Of the sample 4.6 million emails we found 43% duplication and 7% of low value.
How we did it
Our goal was to reduce the volume of the email backlog in an authorised way; which in the Victorian Government means in line with Retention and Disposal Authorities (RDAs).
The tool was used to identify duplicate emails from within the sample. To identify low value emails among the remaining sample we reviewed a list of email domains to identify those that would reasonably result in irrelevant, non-business related emails. The top results, which included common subscription emails and Google Alerts, were selected and saved as filters. The use of Fwd: in the subject line was also used as a filter.
Next we tried a second approach on the sample, searching the remaining emails for key search terms.
Using a third approach we were able to apply additional contextual information to the emails, which would allow them to be grouped by areas of responsibility within the organisation. This allows us to assess and prioritise the emails to be kept long term.
The findings
The eDiscovery tool was successful in allowing us to identify emails eligible for disposal, as well as assessing and prioritising remaining emails with between 98% and 100% accuracy, with upto 50% of the sample identified for potential disposal. The tool allowed us to apply additional metadata to every email in the set, enabling easier identification of emails at a high level, facilitating future decision making around retention.

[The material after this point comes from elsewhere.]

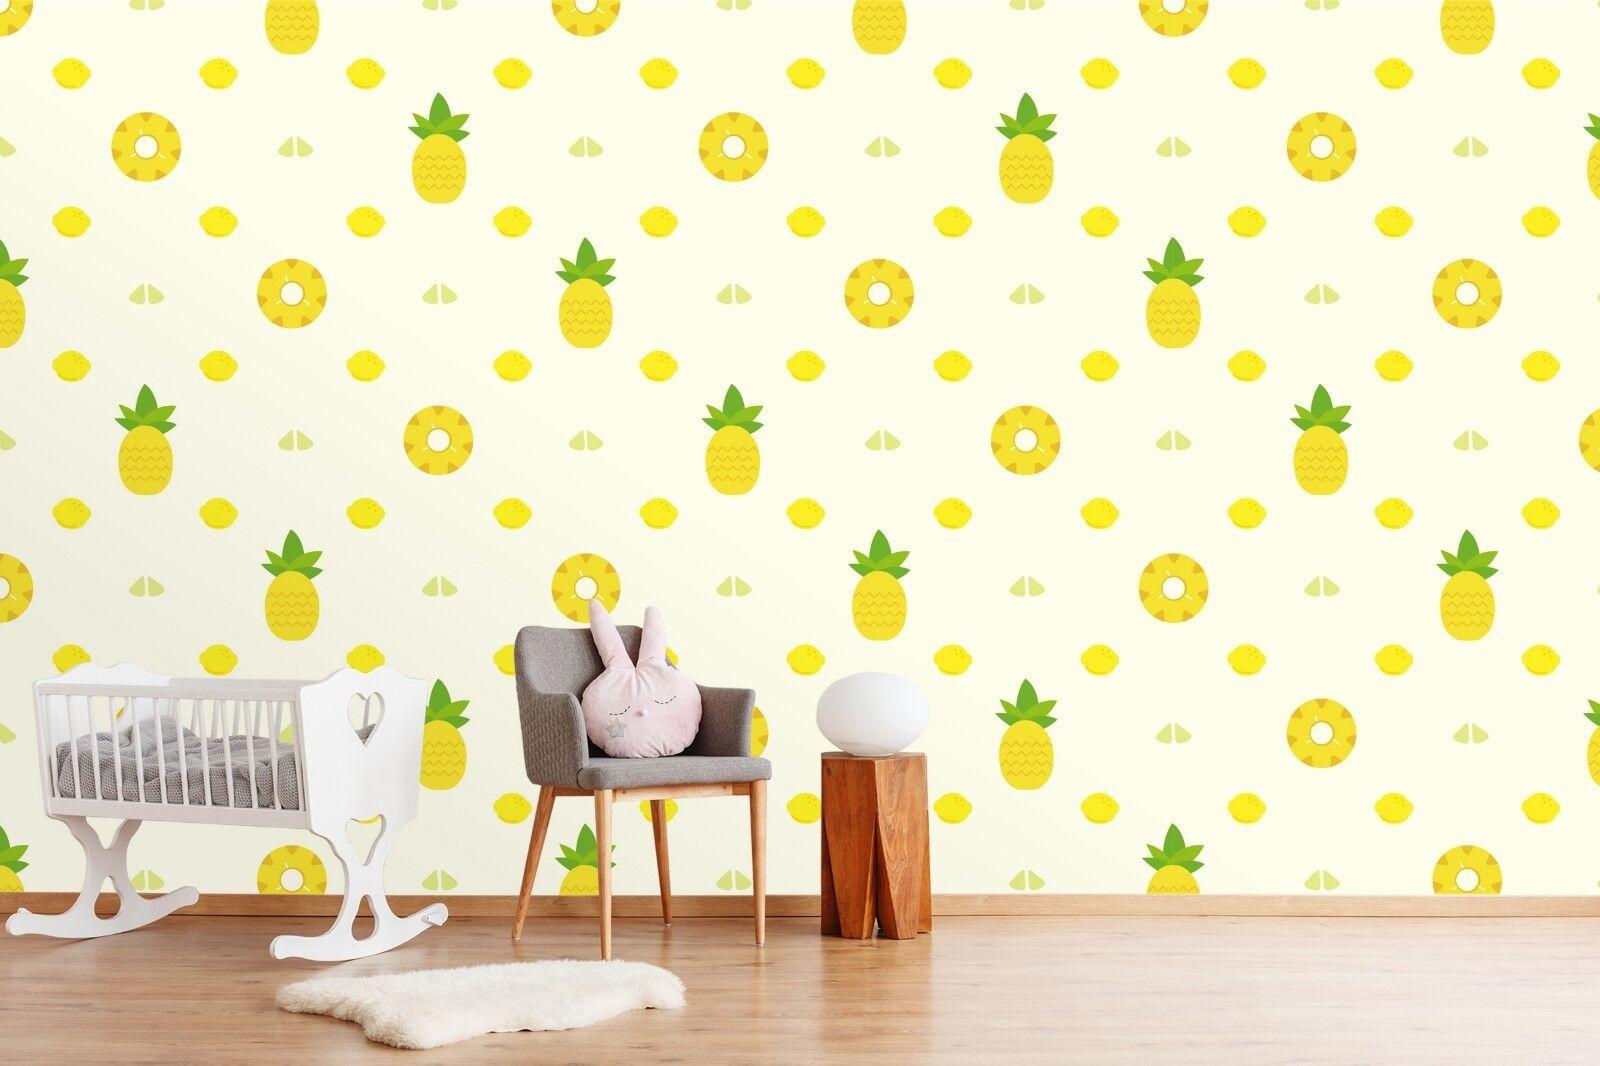 3D Pineapple Gelb  33 Wallpaper Mural Print Wall Indoor Wallpaper Murals UK

An eDiscovery tool may be used to assist agencies to reduce their email backlogs and unlock greater value from their email assets, though a larger sample of manual testing is recommended prior to implementing disposal. Note, an eDiscovery tool may be beyond the means of smaller agencies who nonetheless struggle with similar email backlog issues. An investigation into email back-up for smaller agencies and potential testing of free, open source solutions is recommended.
For more information, download our proof of concept summary as a PDF below:
If you'd like further information about this project feel free to contact Julie McCormack, Senior Manager, Government Services, Julie.McCormack@prov.vic.gov.au.
Material in the Public Record Office Victoria archival collection contains words and descriptions that reflect attitudes and government policies at different times which may be insensitive and upsetting
Aboriginal and Torres Strait Islander Peoples should be aware the collection and website may contain images, voices and names of deceased persons.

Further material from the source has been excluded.